In your copy, include every line of the listing below exactly but none of the pictures.
*** Block opens ***
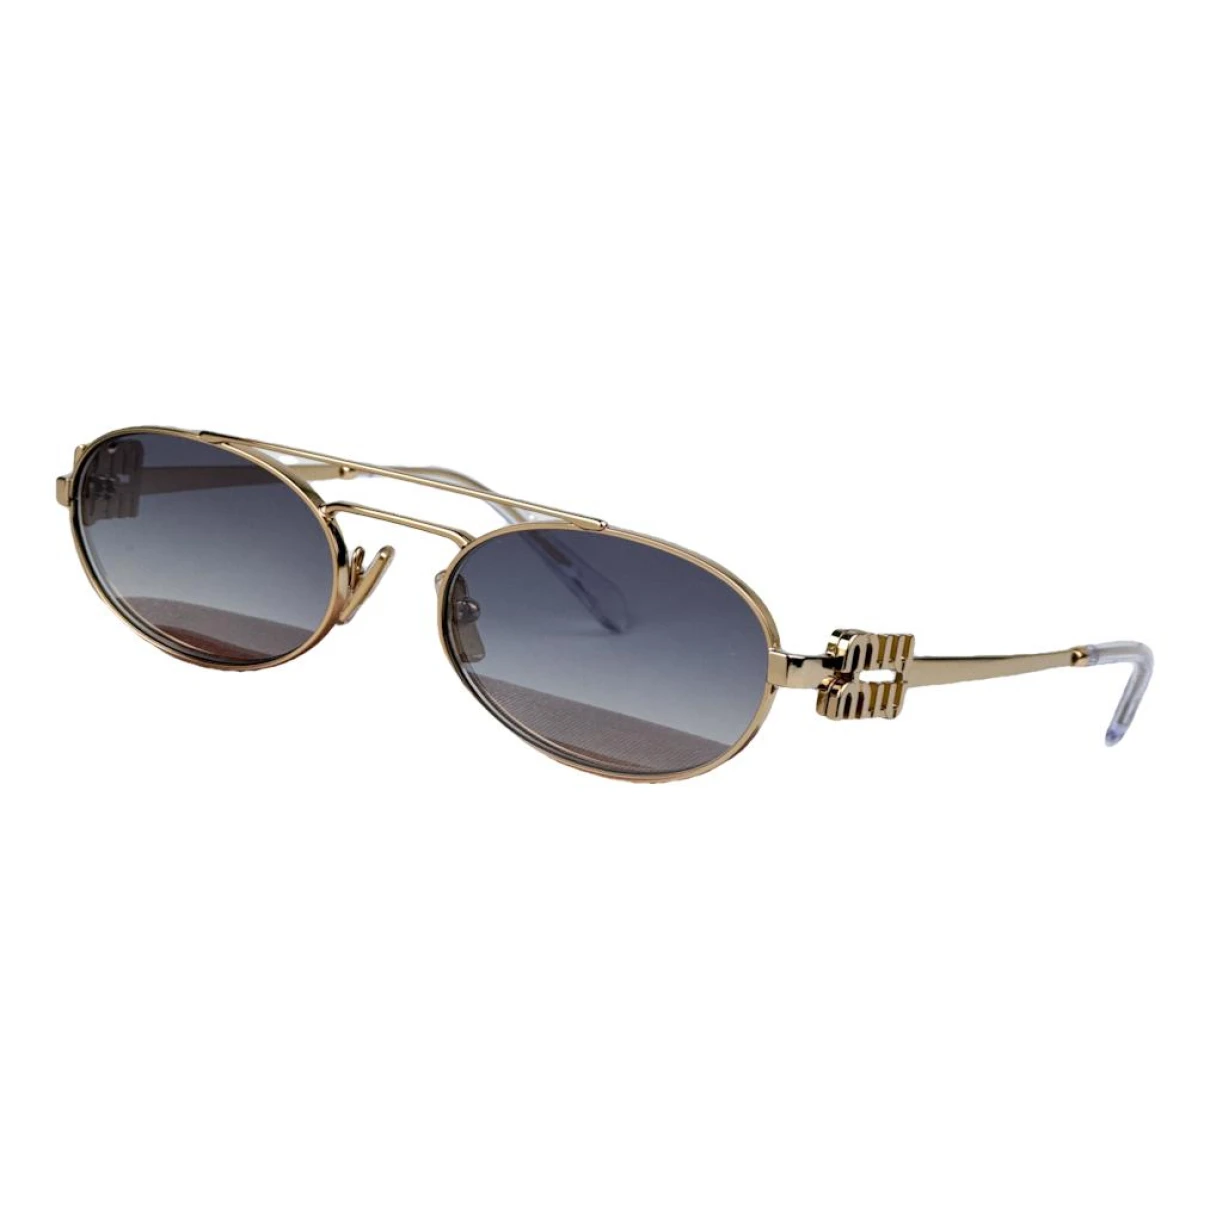 Pre-owned Miu Miu Sunglasses In Gold
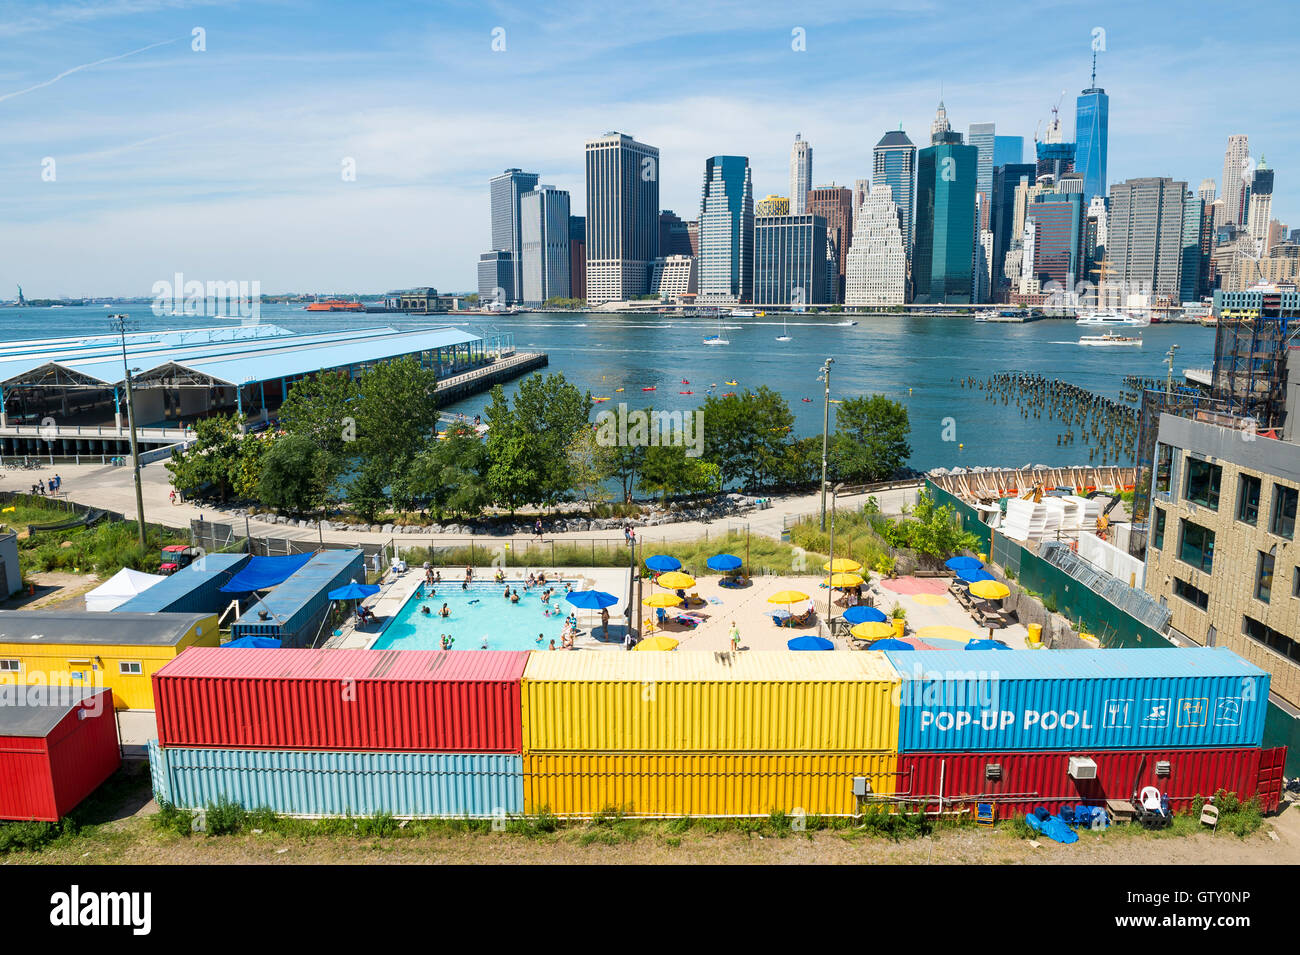 NEW YORK - 27 août 2016 : un pop-up coloré piscine dans Brooklyn Bridge Park en face de l'horizon de Manhattan. Banque D'Images
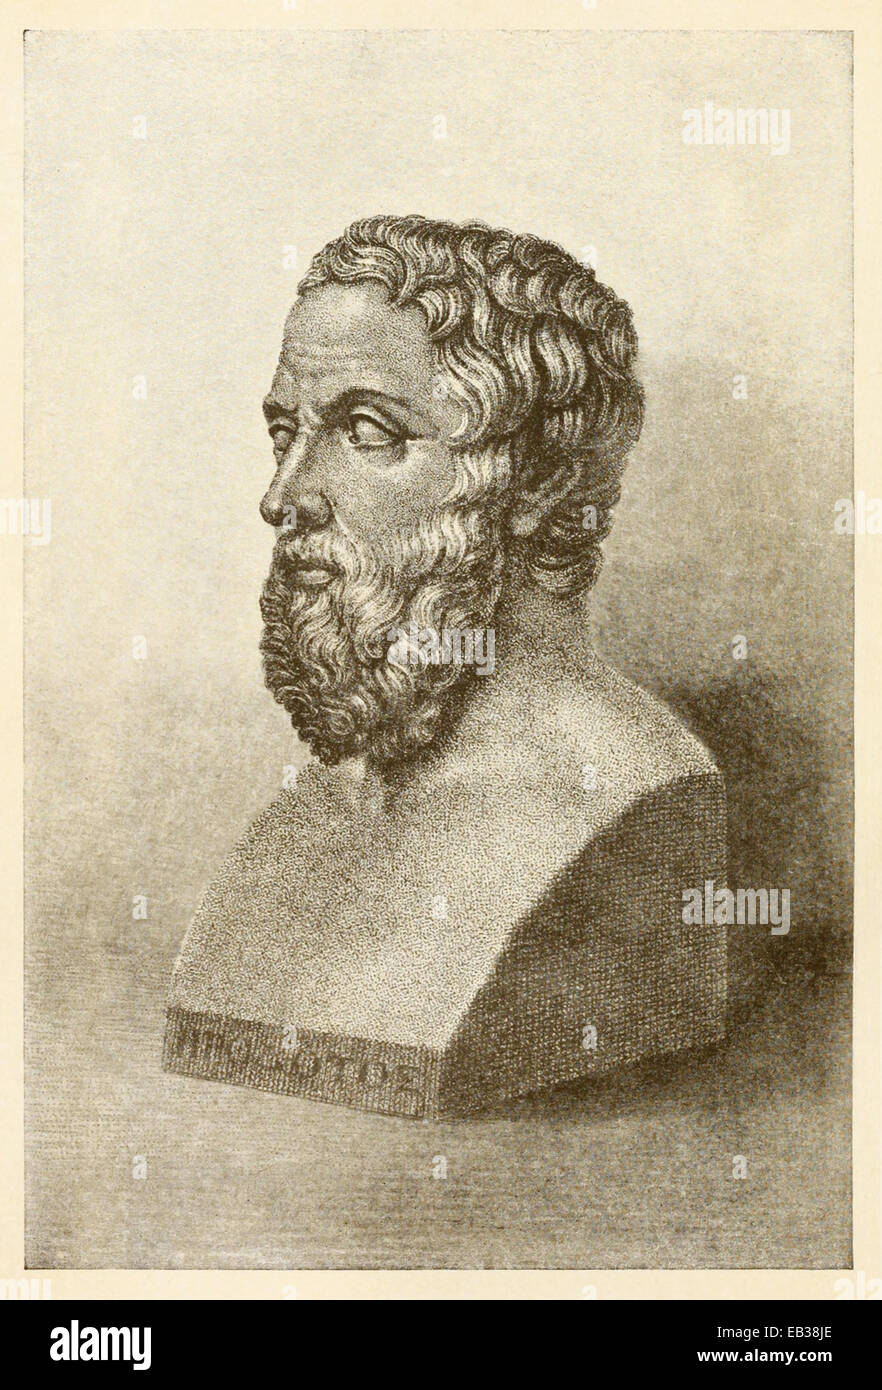 Disegno del busto di Erodoto (484-425BC), lo storico greco. Vedere la descrizione per maggiori informazioni. Foto Stock
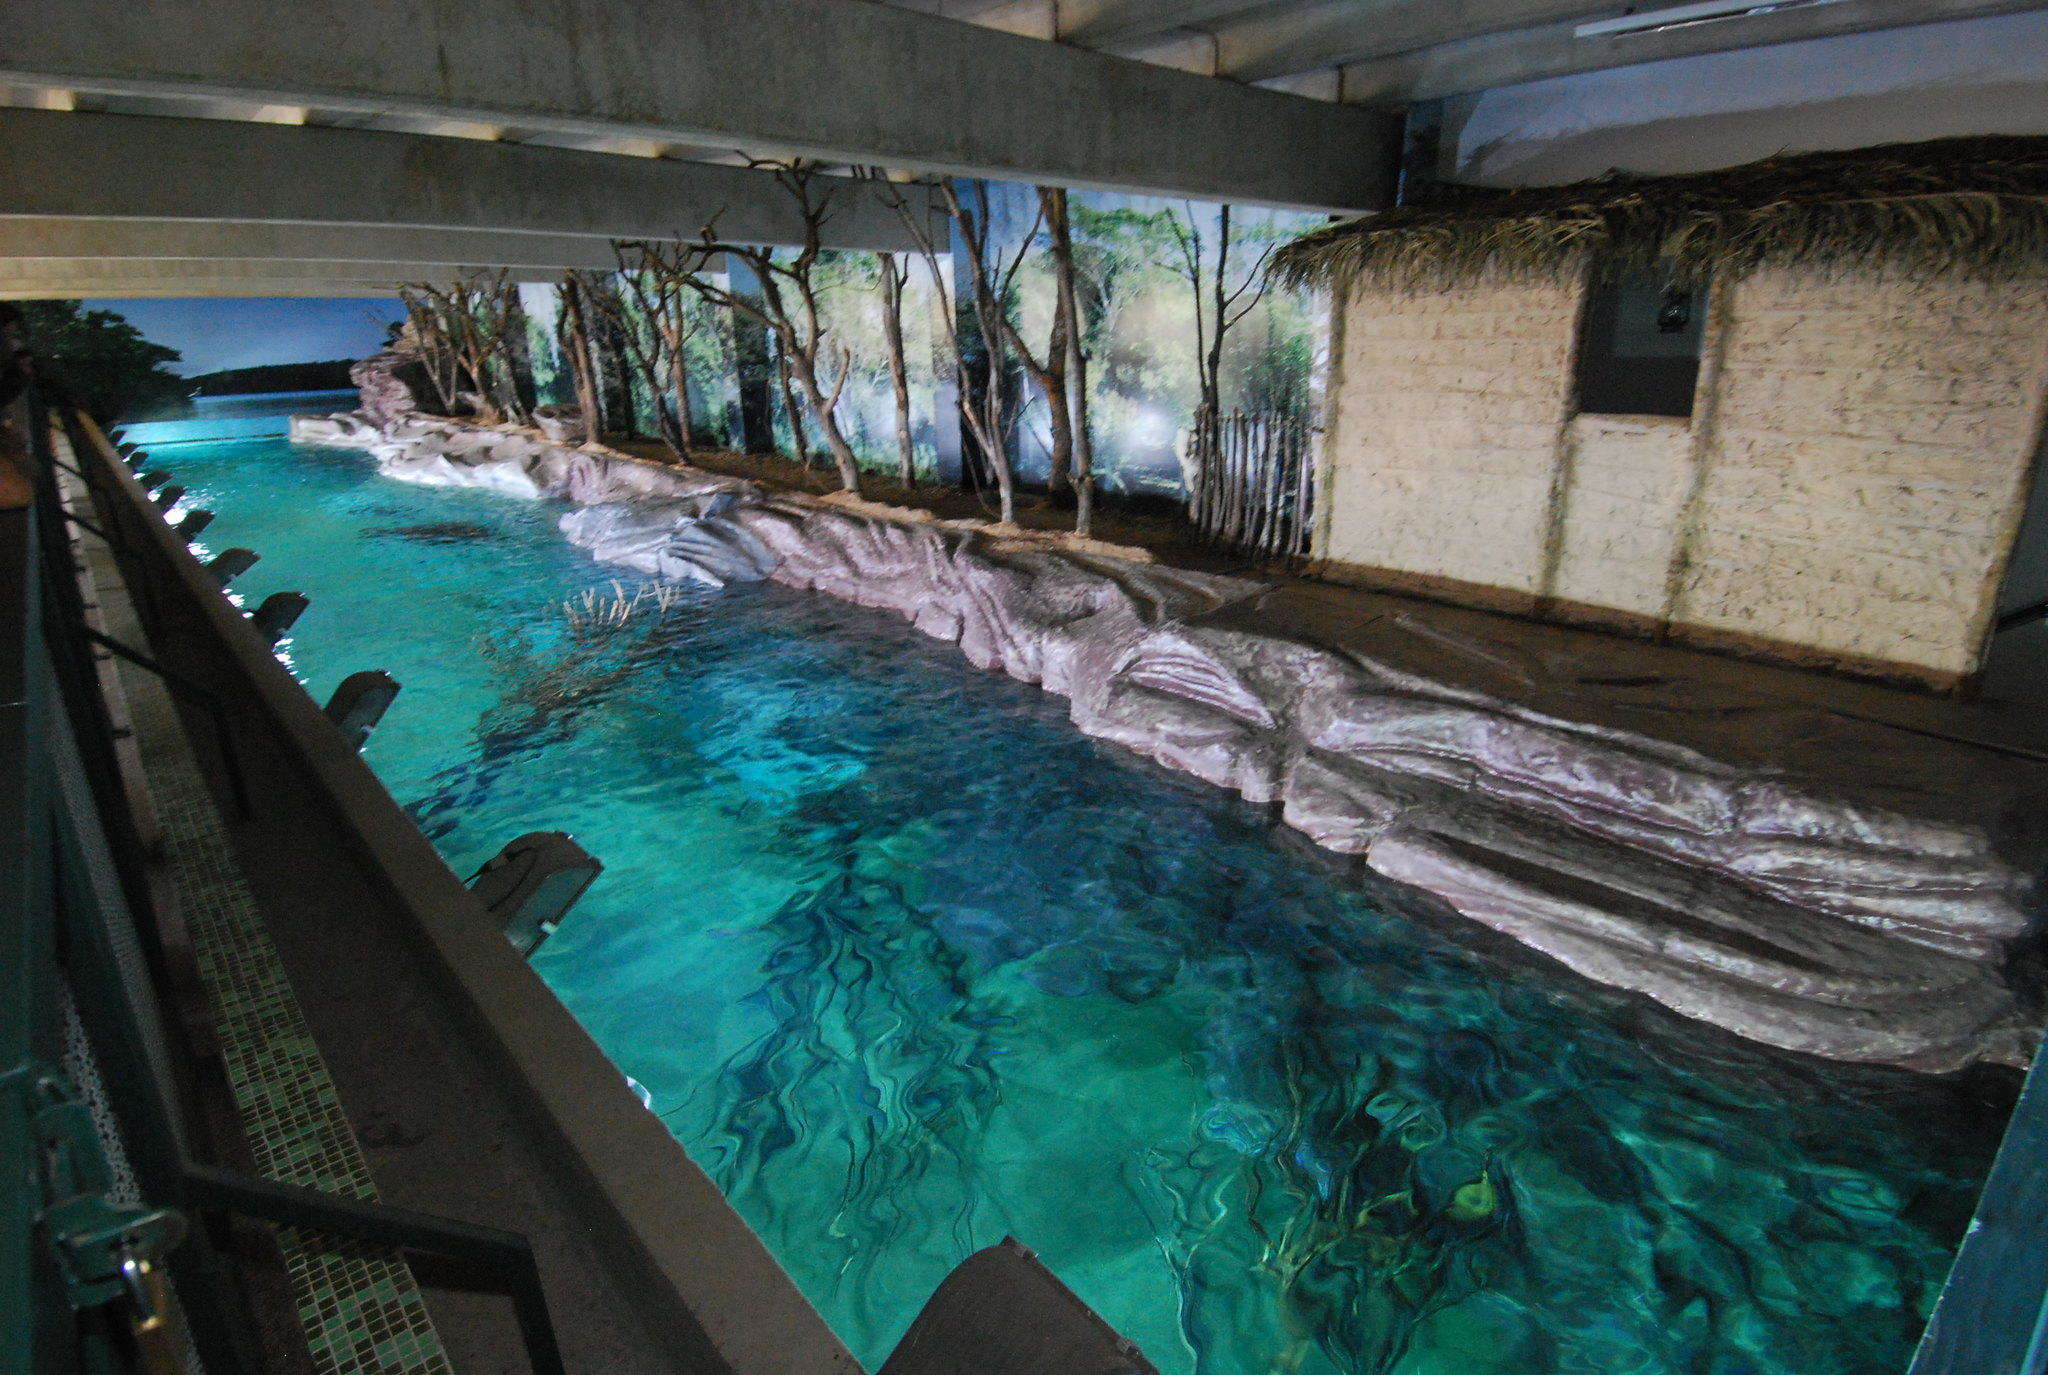 Localizado no Jardim Zoológico da capital, na região da Pampulha, além de atração turística, o aquário oferece estudos sobre biologia, criação e manutenção de peixes em cativeiro.
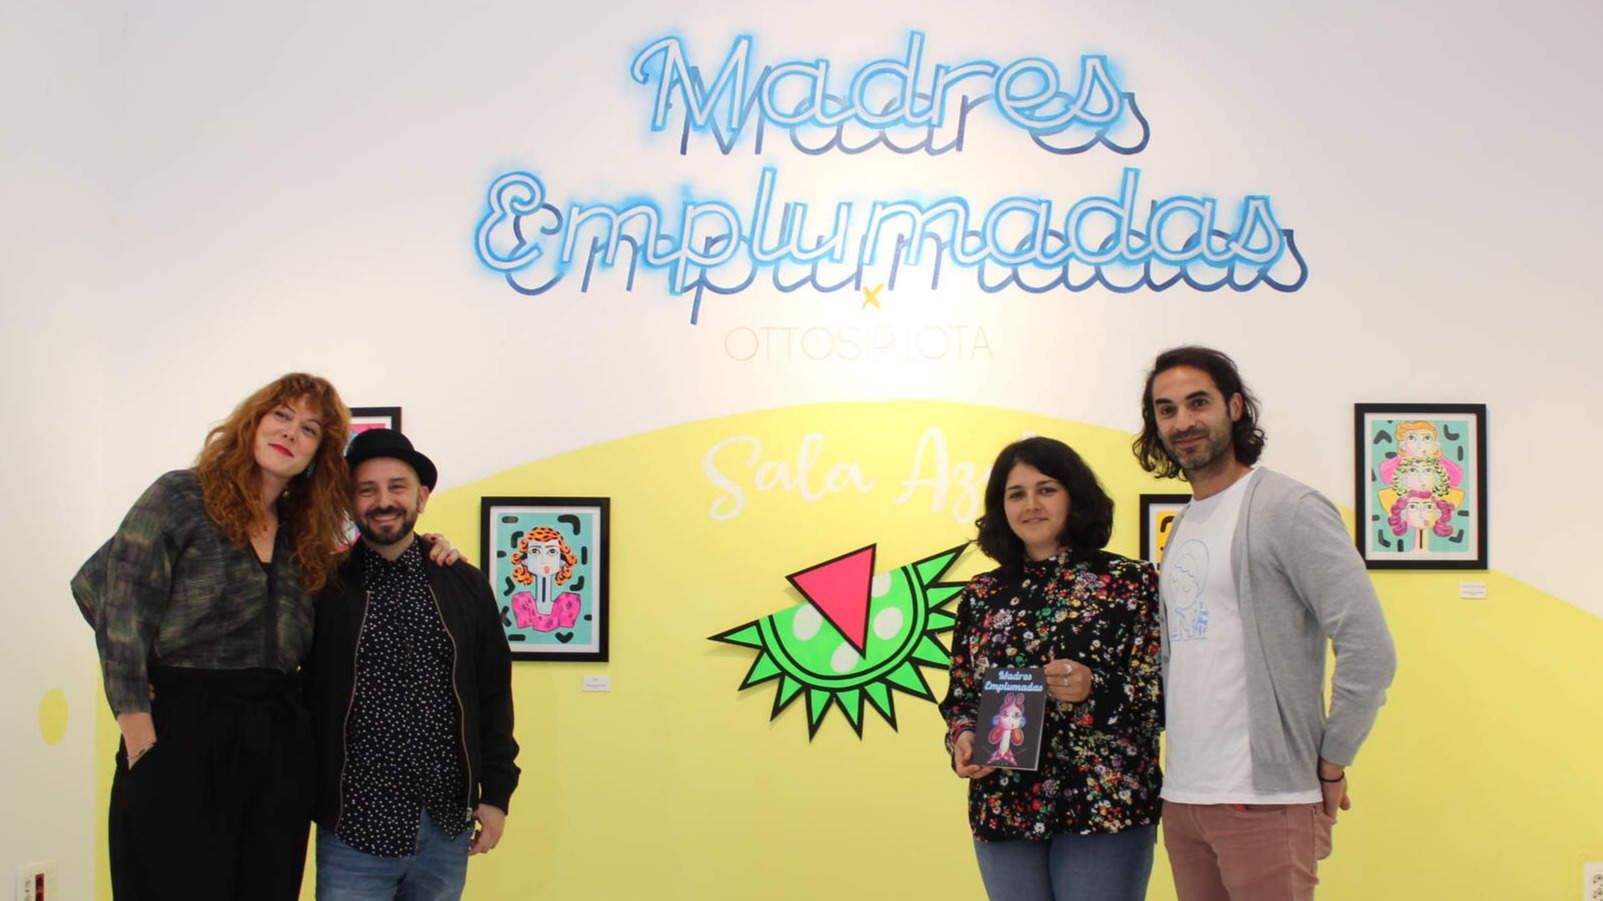  Otto y Luana junto a Mamen Beato y Jorge Torres en la presentación de la exposición "Madres emplumadas".
*** Block closes ***
EXERCISE ANSWER ▸
 Pre-owned Miu Miu Sunglasses In Gold
 NEW YORK - 27 août 2016 : un pop-up coloré piscine dans Brooklyn Bridge Park en face de l'horizon de Manhattan. Banque D'Images
 Disegno del busto di Erodoto (484-425BC), lo storico greco. Vedere la descrizione per maggiori informazioni. Foto Stock
 Localizado no Jardim Zoológico da capital, na região da Pampulha, além de atração turística, o aquário oferece estudos sobre biologia, criação e manutenção de peixes em cativeiro.
  Otto y Luana junto a Mamen Beato y Jorge Torres en la presentación de la exposición "Madres emplumadas".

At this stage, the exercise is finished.